Privately, Dean thought his particular problems with time travel would lie closer to the family issues problem then grammar -- no one, bar Sam during a particularly sarcastic period in his early teens, had ever used the words broad-minded or well adjusted to describe Dean’s family -- but Douglas Adams disagreed. No, he insisted: Grammar. How to describe something that was about to have happened to you in the past before you jump forward -- say, five years -- to avoid it. Proper tense usage becomes even more complicated depending on where, or, rather, from when, you were speaking: your present time, a further future time, or a further past time.
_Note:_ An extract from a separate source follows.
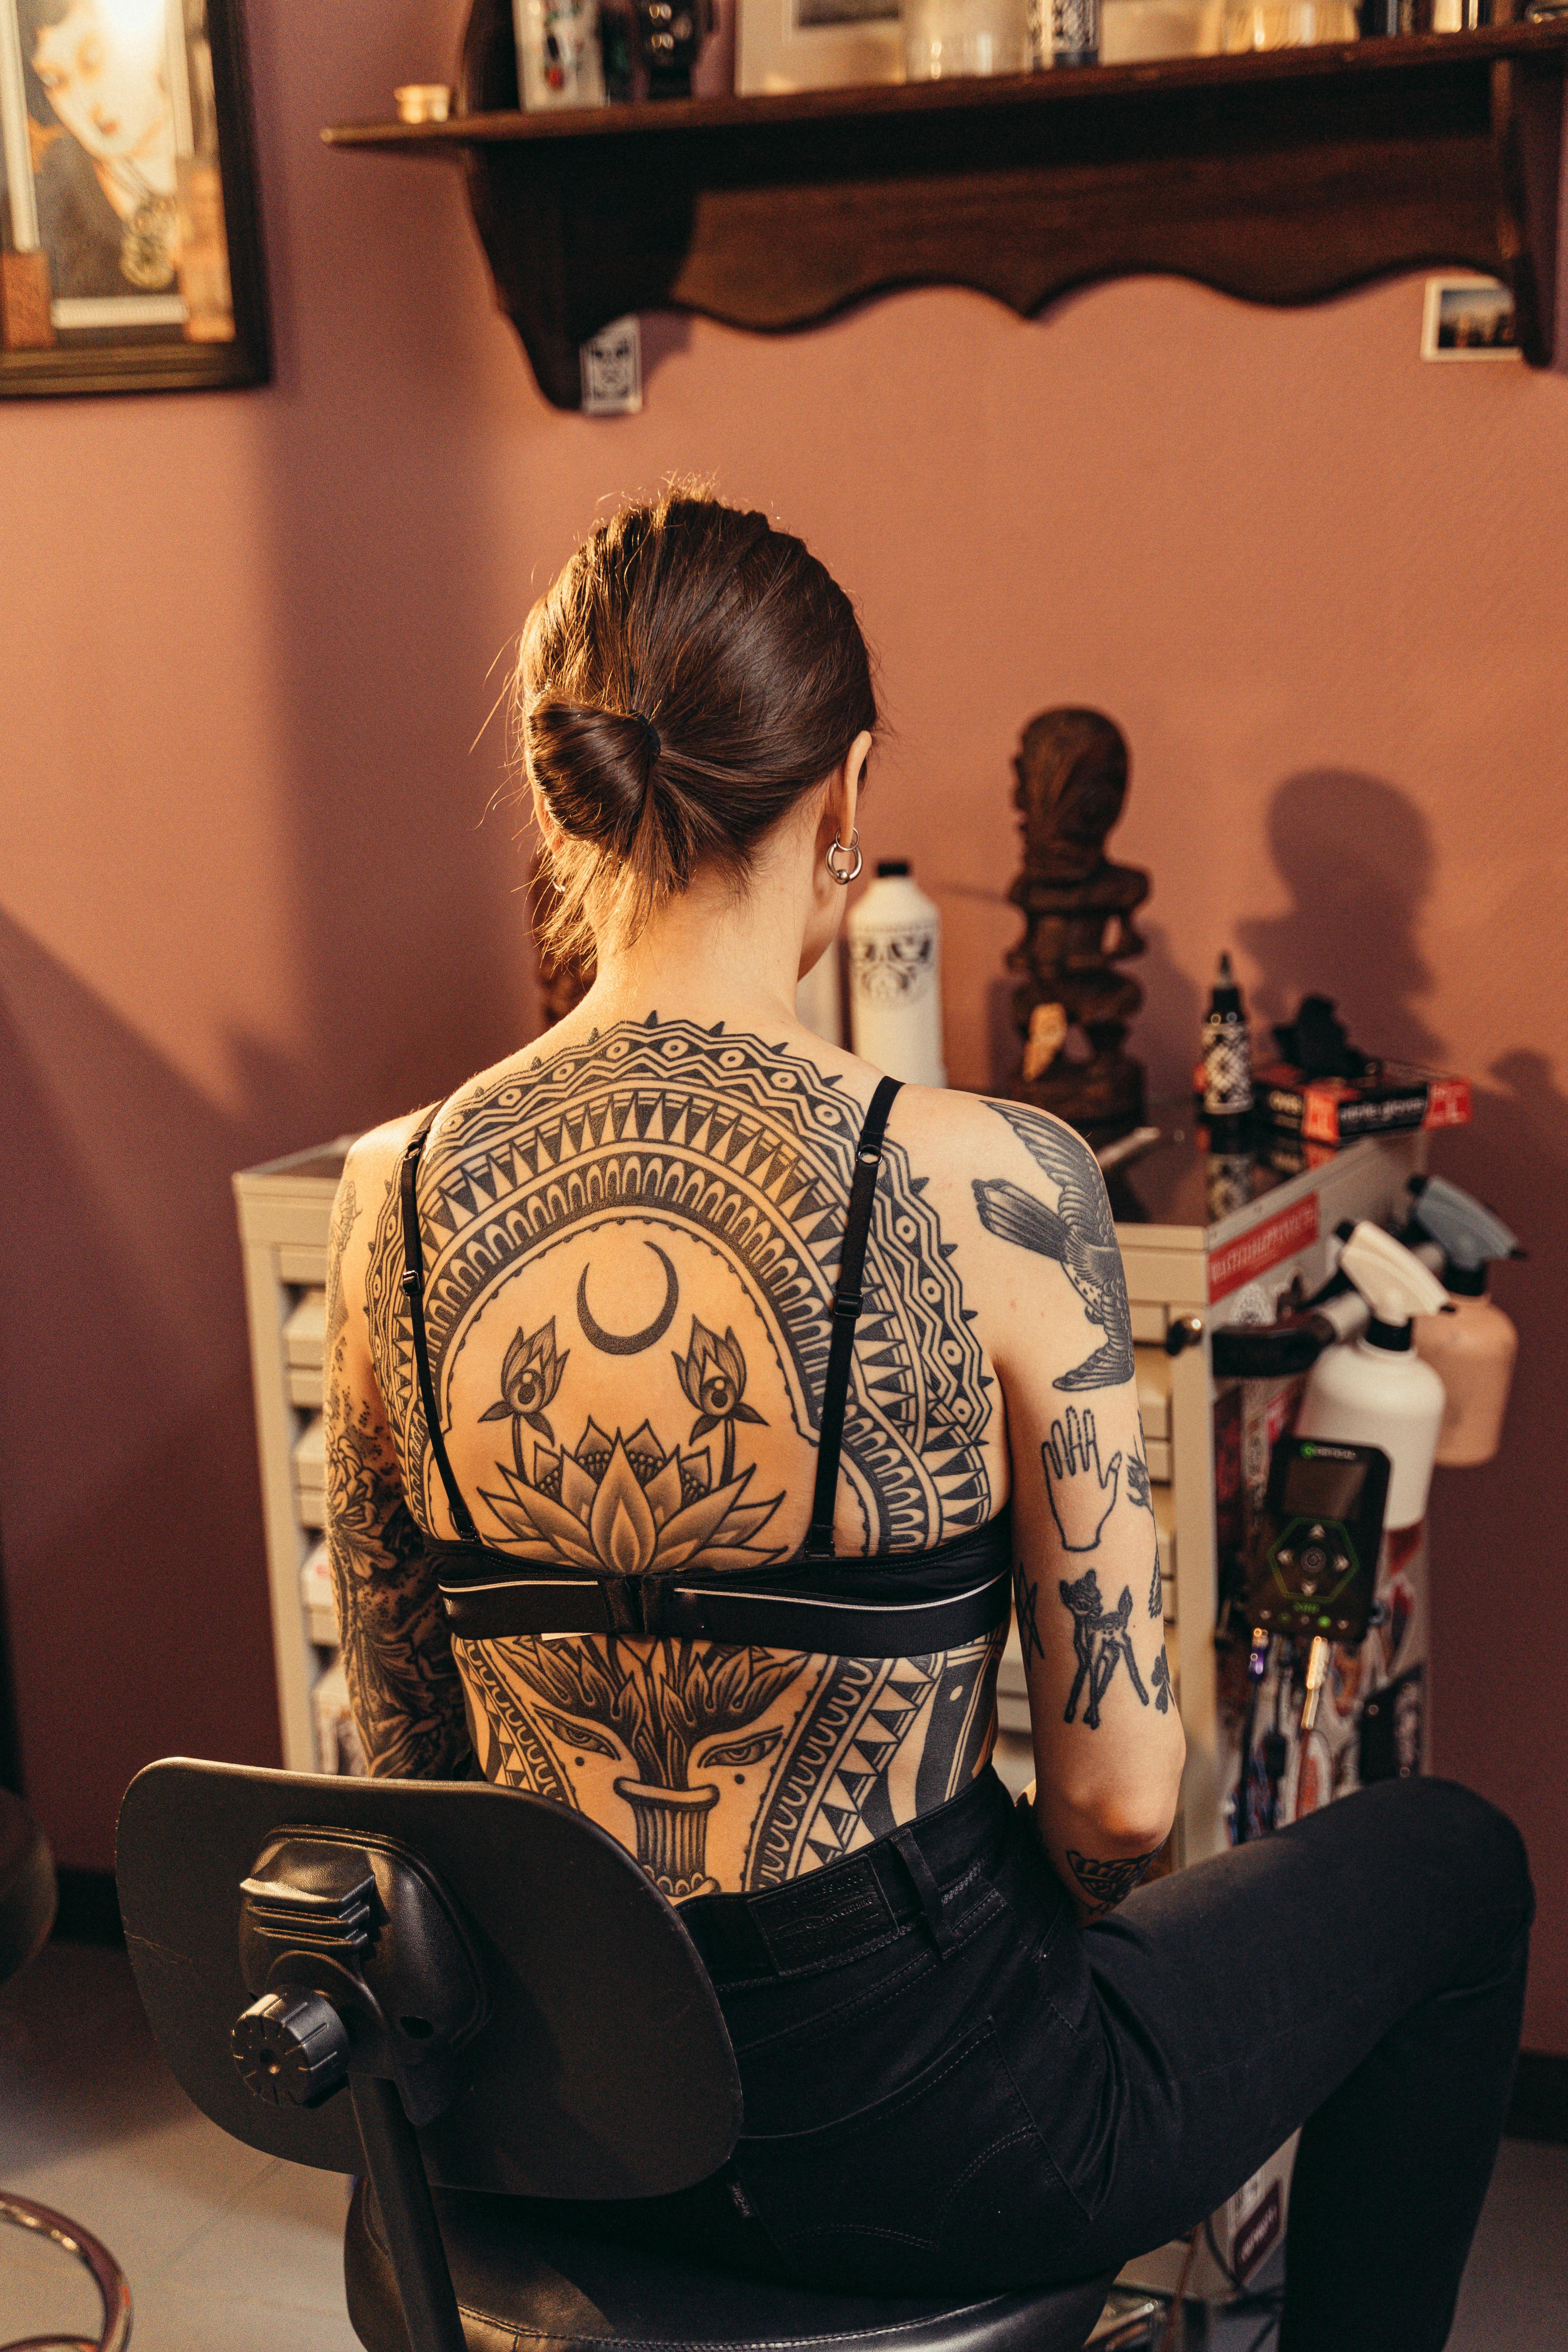 Full Back Tattoos  Askideascom

Or if you were the first born nebulously non-heterosexual son of a complicated but almost definitely at least mildly homophobic semi-present father you had spent the five years avoiding while living and raising a child with a man shaped entity. Being that person would certainly complicate things, though maybe not grammatically. 

Douglas Adams hadn’t specified that last part, but Dean felt reasonably certain in his own not inconsiderable experiences. 

So where Douglas Adams believed the greatest problem of time travel to be grammar, _Dean’s_ biggest problem with time travel was how angry John would be and why. There was no doubt in Dean’s mind that John would be angry. He couldn’t imagine John not angry. The question rested with whether John would be mad at him or showing up or mad at him for staying away. Dean was sure that the sooner he could figure out why John was going to be angry, the sooner he could get to work figuring out how to redirect John’s anger.

It was, as Cas liked to say until _Dean_ started avoiding _him_ in Supermarkets, an incredibly “fucked” way of thinking about things, Dean. You should really talk to Sam about this Dean. Dean. Dean! Dean, we live together, avoiding me won’t work nearly as well for you as it did for Sam -- and so on. Unfortunately, Cas was correct about the last point and _none of the rest so stop bugging me about it Sammy_.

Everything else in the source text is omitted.